Q. What does the expression
/child::tei:TEI/child::tei:text/child::*
denote?
Q. One thing, or several?
Q. If several, how are they organized? Do they have an order? Are they a set? A bag? A sequence?
It denotes the children of the TEI text element.
Usually, that will be several items.
They are arranged in a sequence (in document order).

Sequences and closure

Q. If values in the data model can include integers, strings, nodes, and sequences of nodes (or integers or strings or ...), then how on earth can we achieve closure in the language? How can we ensure that every expression in the model denotes a value in the model?

Sequences and closure (2)

A. We achieve closure and uniformity by the rule:
Everything is a sequence.
If anything looks like it's not a sequence (say, the integer 23), it's because it's a singleton sequence.
If you know databases, you may think that this sounds a bit like the rule used in relational databases, which says that the value of count(*) is not an integer, but a relational table with a single row, which in turn has a single column.
If so, you're wrong. It's not “a little” like it. It's exactly like it.
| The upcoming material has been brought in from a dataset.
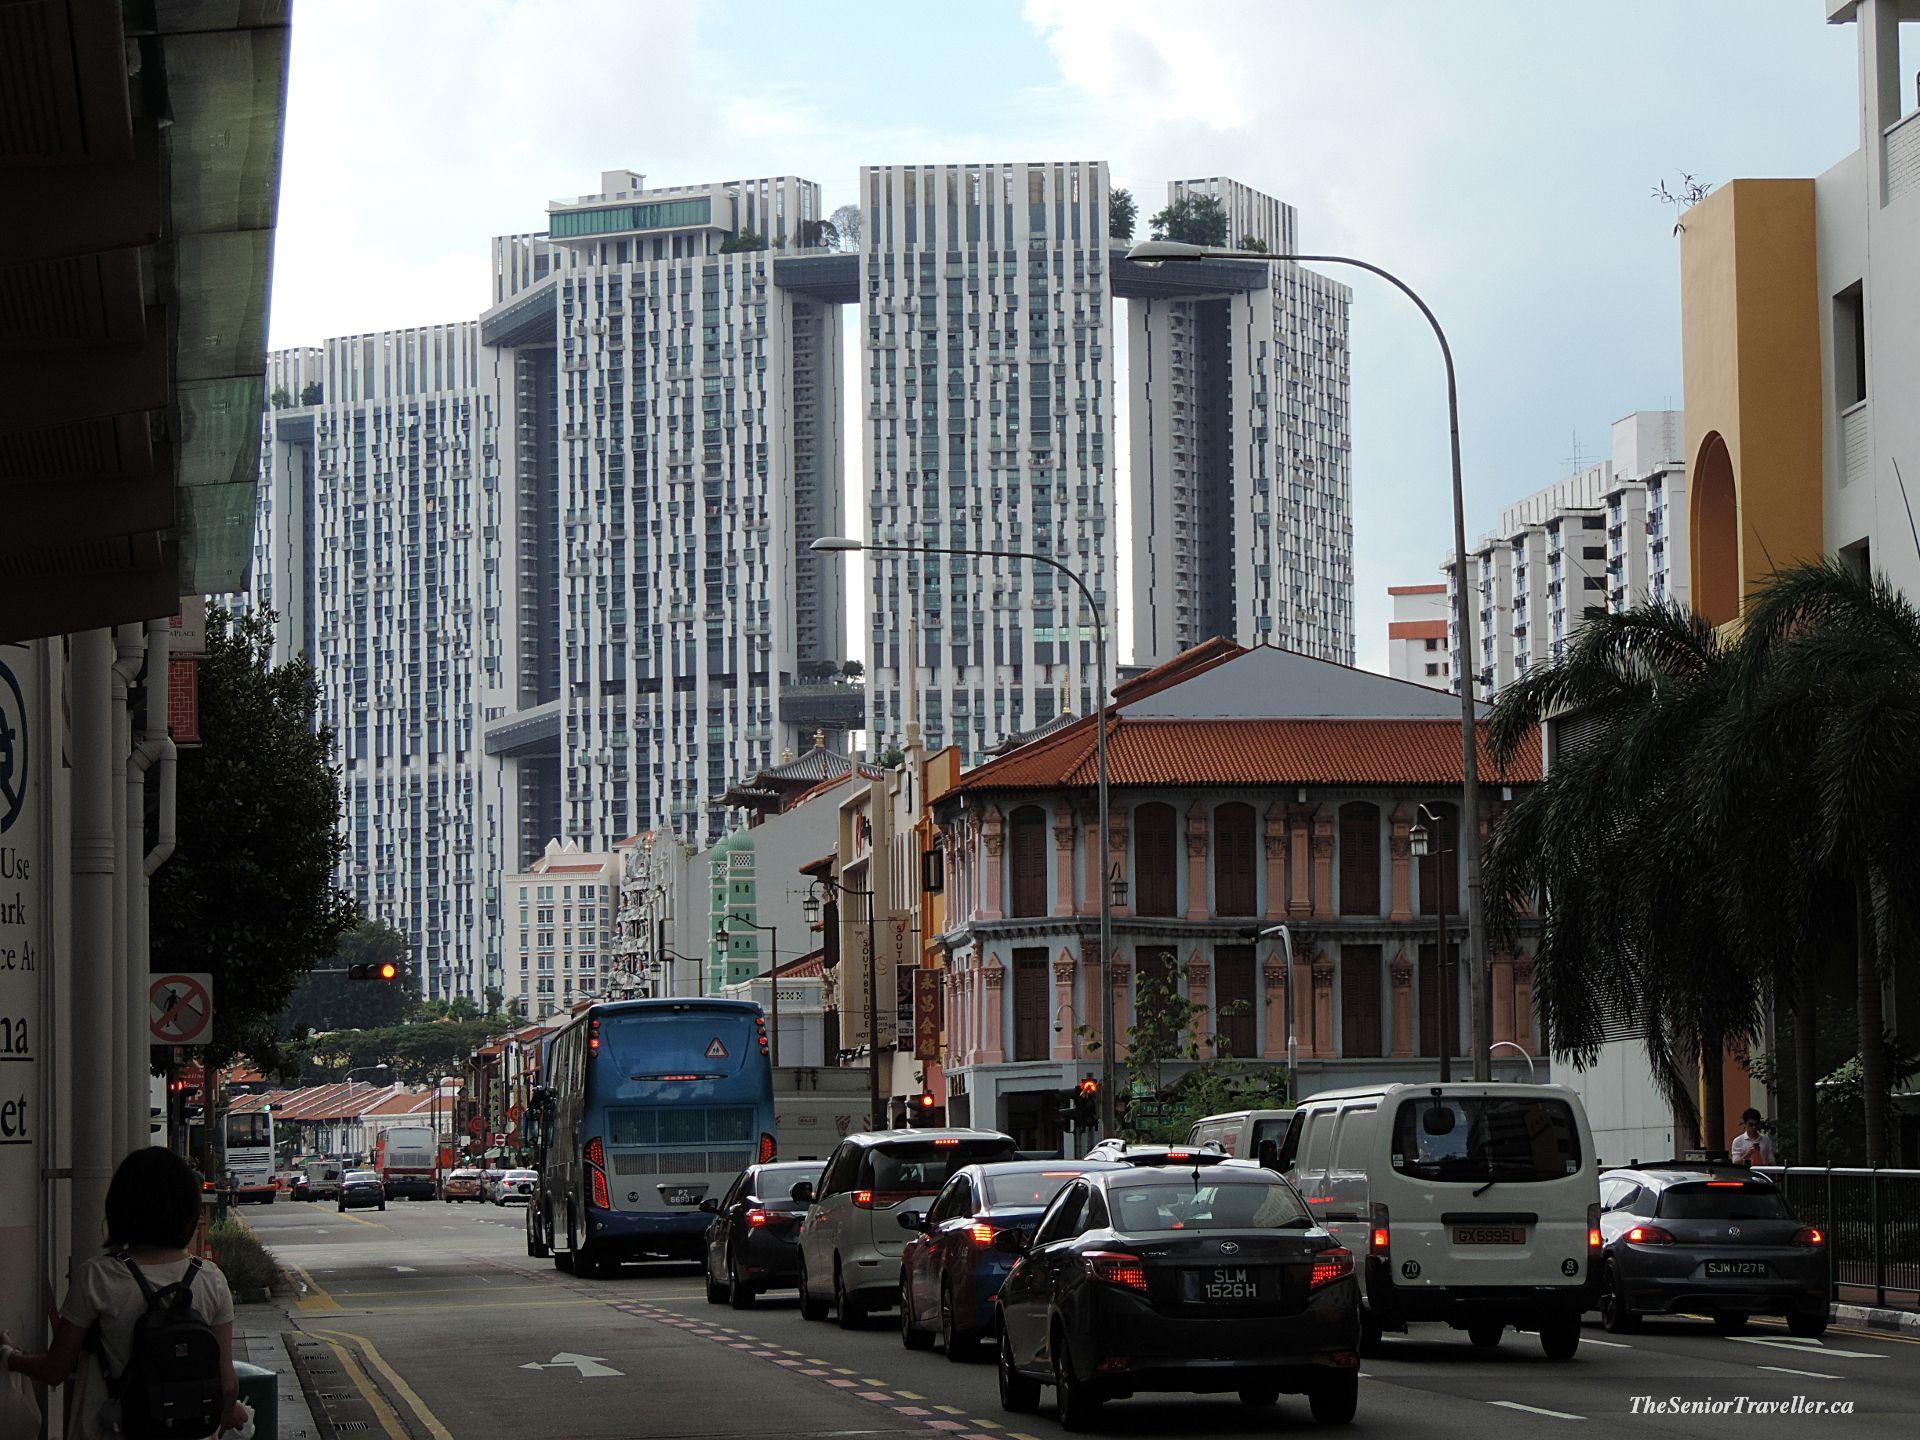 Sightsee around the city

It may seem hokey, but it makes a huge difference to the formal semantics of the language, and thus to its cleanliness and its reliability.

Sequences and closure (3)

Q. So what do
23
1, 2, 3
//tei:text/*
denote?
They denote, respectively,

Literal sequences

Wait a minute, there. What was that
1, 2, 3
you stuck in there?
OK, let's do it formally.
Q. Is
1, 2, 3
a legal XQuery expression? If so, what are its type and value?
A. Yes. It's a literal sequence constructor. Any sequence of expressions, separated by commas, denotes a sequence of values.
Happy now?

Grammar for literal sequence constructors

E = E , E
N.B. Sometimes parentheses are needed: “(E, E)” instead of “E, E”.
In some contexts, literal sequence constructors are not allowed. The grammar in the spec therefore distinguishes between Expr and ExprSingle. The grammar listed on the resources page similarly distinguishes E from E1.
But I'll ignore that distinction here in the slides. All you have to do is remember that comma binds very weakly, more weakly than any other operator. So if you need a literal sequence expression in some larger context, you pretty much always need parentheses.

Range expressions

Q. Are any of
1 to 10
(1 + 1) to (3 + 3)
(100 div 100) to (100 div 10)
legal XQuery expressions? If so, what are their values? If not, why not?
Yes. They are range expressions.

Grammar for range expressions

E = E to E
Both arguments of to should have integer values.
Q. What if the second is less than the first?

Sequences and sequences

Q. Can sequences contain atomic values?
Q. Can sequences contain nodes?
Q. Can sequences contain items?
Q. Can sequences contain sequence?

Sequences and sequences (2)

Q. Is the following a legal XQuery expression?
(1, 2, (3, 4, 5), 6, 7)
If so, what are its type and value? If not, why not?
Yes, yes, yes, and no. Repeat no.

Functions returning sequences

  • fn:string-to-codepoints( $arg as xs:string? ) as xs:integer*
  • fn:tokenize($input as xs:string?, $pattern as xs:string) as xs:string*
  • fn:tokenize($input as xs:string?, $pattern as xs:string, $flags as xs:string) as xs:string*
  • fn:in-scope-prefixes( $element as element()) as xs:string*
  • fn:collection() as node()*
  • fn:collection($arg as xs:string?) as node()*

Functions taking sequences

  • fn:codepoints-to-string( $arg as xs:integer* ) as xs:string
  • fn:string-join($arg1 as xs:string*, $arg2 as xs:string) as xs:string
  • fn:deep-equal($parameter1 as item()*, $parameter2 as item()*) as xs:boolean
  • fn:count($arg as item()*) as xs:integer
  • fn:avg($arg as xs:anyAtomicType*) as xs:anyAtomicType?
  • fn:max($arg as xs:anyAtomicType*) as xs:anyAtomicType?
  • fn:min($arg as xs:anyAtomicType*) as xs:anyAtomicType?
  • fn:sum($arg as xs:anyAtomicType*) as xs:anyAtomicType
  • fn:sum($arg as xs:anyAtomicType*, $zero as xs:anyAtomicType?) as xs:anyAtomicType?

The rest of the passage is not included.